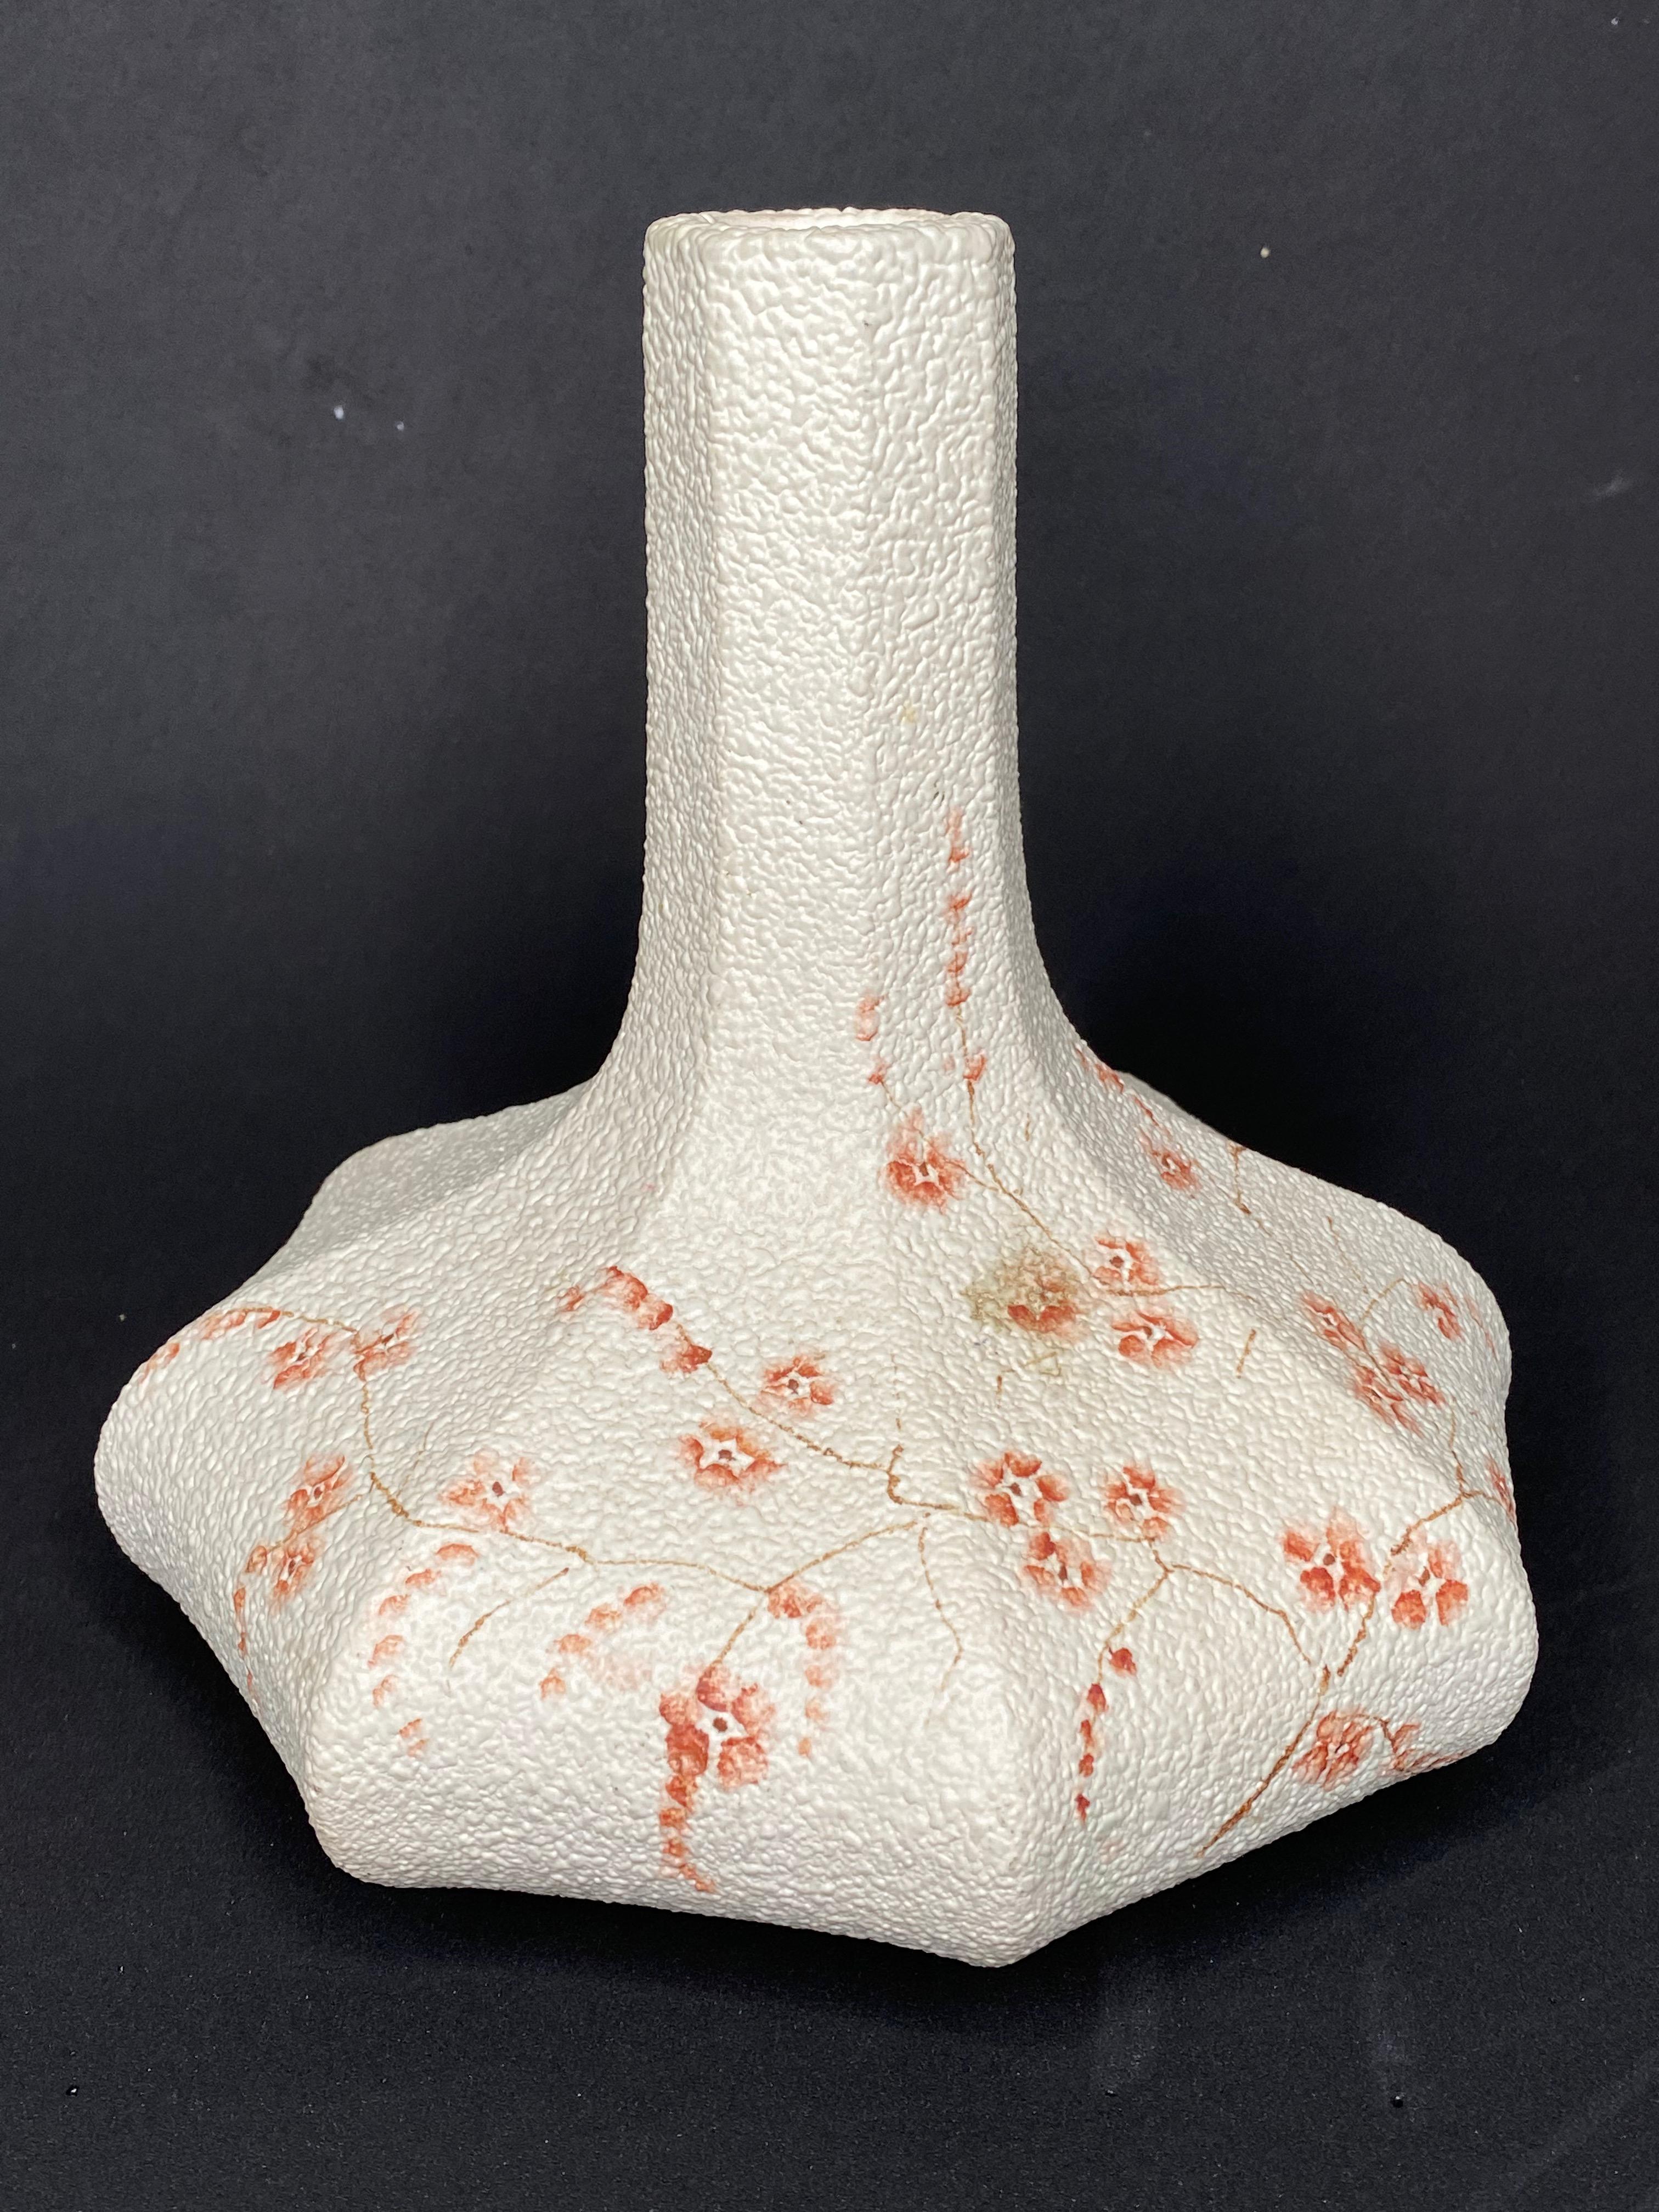 Un étonnant vase en poterie d'art du milieu du siècle dernier, fabriqué à San Marino, en Italie, dans les années 1970. Le vase est en très bon état, sans éclats, ni fissures, ni morsures de puces. Une belle addition à n'importe quelle pièce.
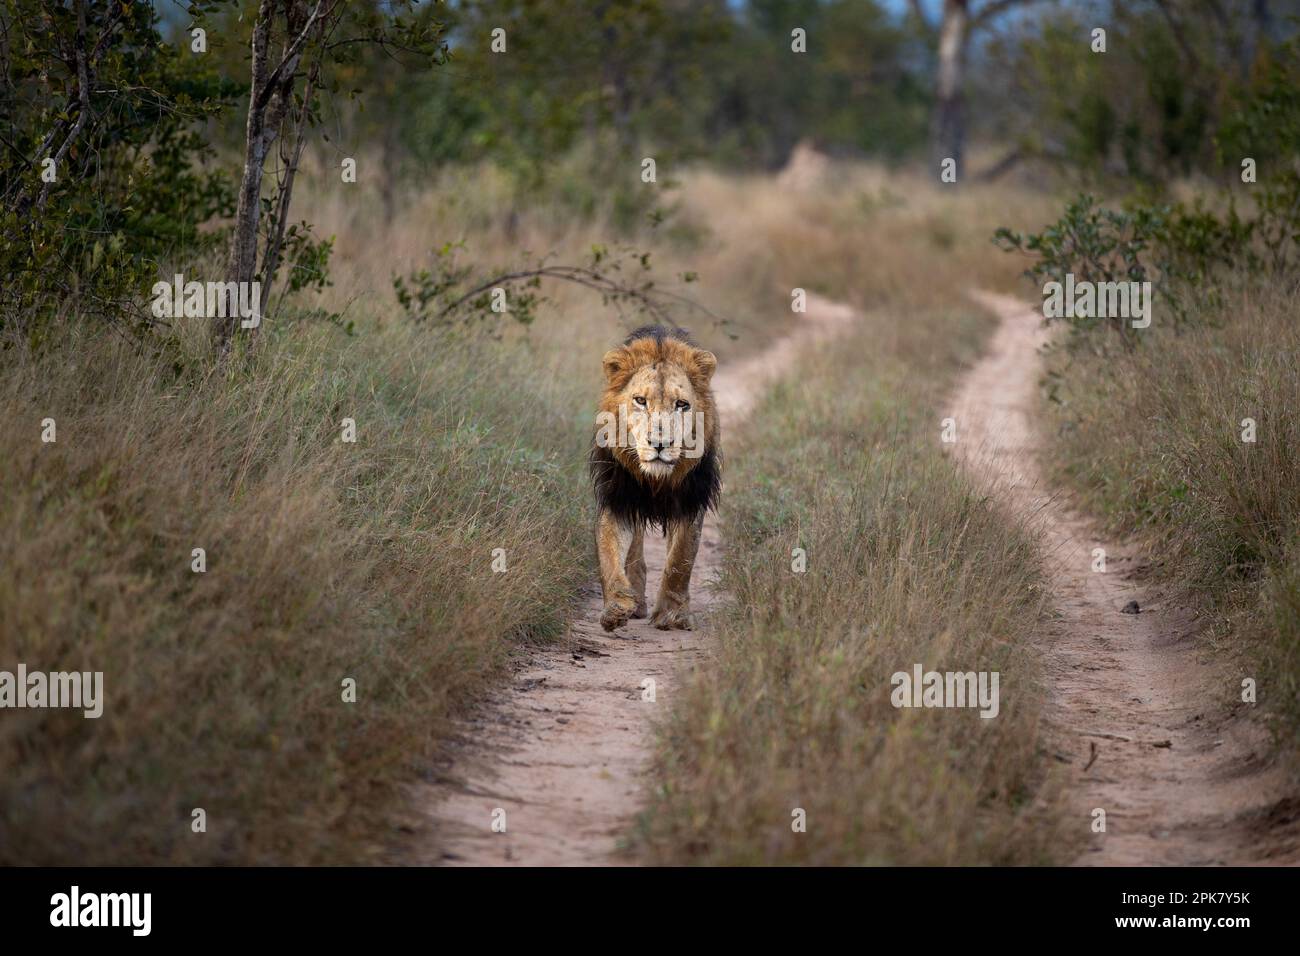 Ein männlicher Löwe, Pathera leo, läuft eine Straße entlang. Stockfoto
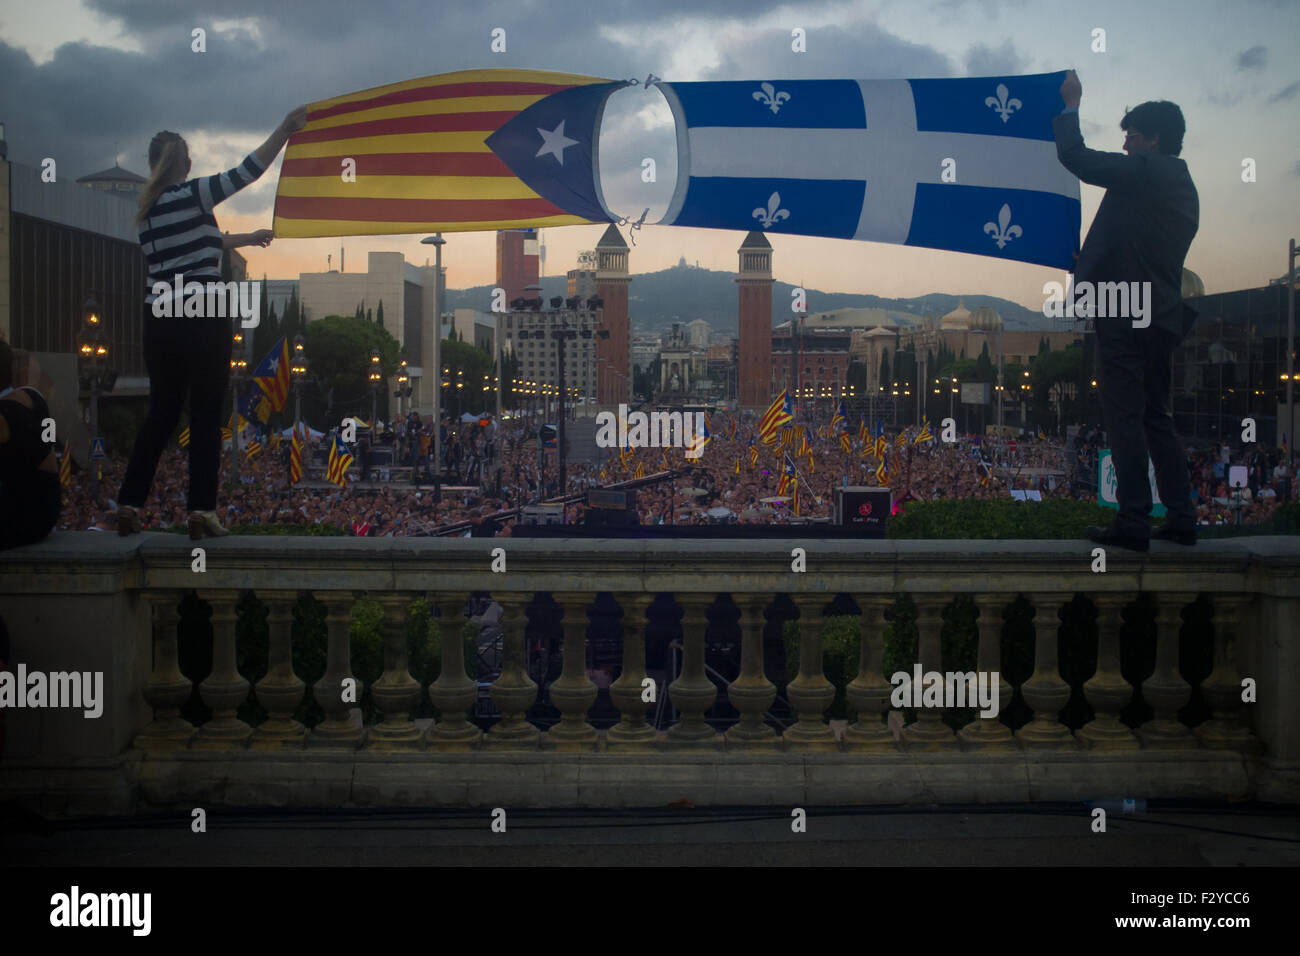 Barcelone, Catalogne, Espagne. 25 Septembre, 2015. Un homme et une woamn tenir un estelada drapeau indépendantiste (catalan) et un drapeau du Québec au cours de la dernière campagne de rallye 'Junts pel Si' (ensemble pour Oui) à Barcelone le 25 septembre, 2015. Dimanche prochain auront lieu des élections régionales en Catalogne. Les sondages indiquent que l'indépendance parties pourraient obtenir la majorité absolue. Crédit : Jordi Boixareu/ZUMA/Alamy Fil Live News Banque D'Images

> [WHAT TO DO]: Where a picture appears in the material above, skip it, and print the rest exactly.

> [ANSWER SECTION]:
 Un étonnant vase en poterie d'art du milieu du siècle dernier, fabriqué à San Marino, en Italie, dans les années 1970. Le vase est en très bon état, sans éclats, ni fissures, ni morsures de puces. Une belle addition à n'importe quelle pièce.
 Ein männlicher Löwe, Pathera leo, läuft eine Straße entlang. Stockfoto
 Barcelone, Catalogne, Espagne. 25 Septembre, 2015. Un homme et une woamn tenir un estelada drapeau indépendantiste (catalan) et un drapeau du Québec au cours de la dernière campagne de rallye 'Junts pel Si' (ensemble pour Oui) à Barcelone le 25 septembre, 2015. Dimanche prochain auront lieu des élections régionales en Catalogne. Les sondages indiquent que l'indépendance parties pourraient obtenir la majorité absolue. Crédit : Jordi Boixareu/ZUMA/Alamy Fil Live News Banque D'Images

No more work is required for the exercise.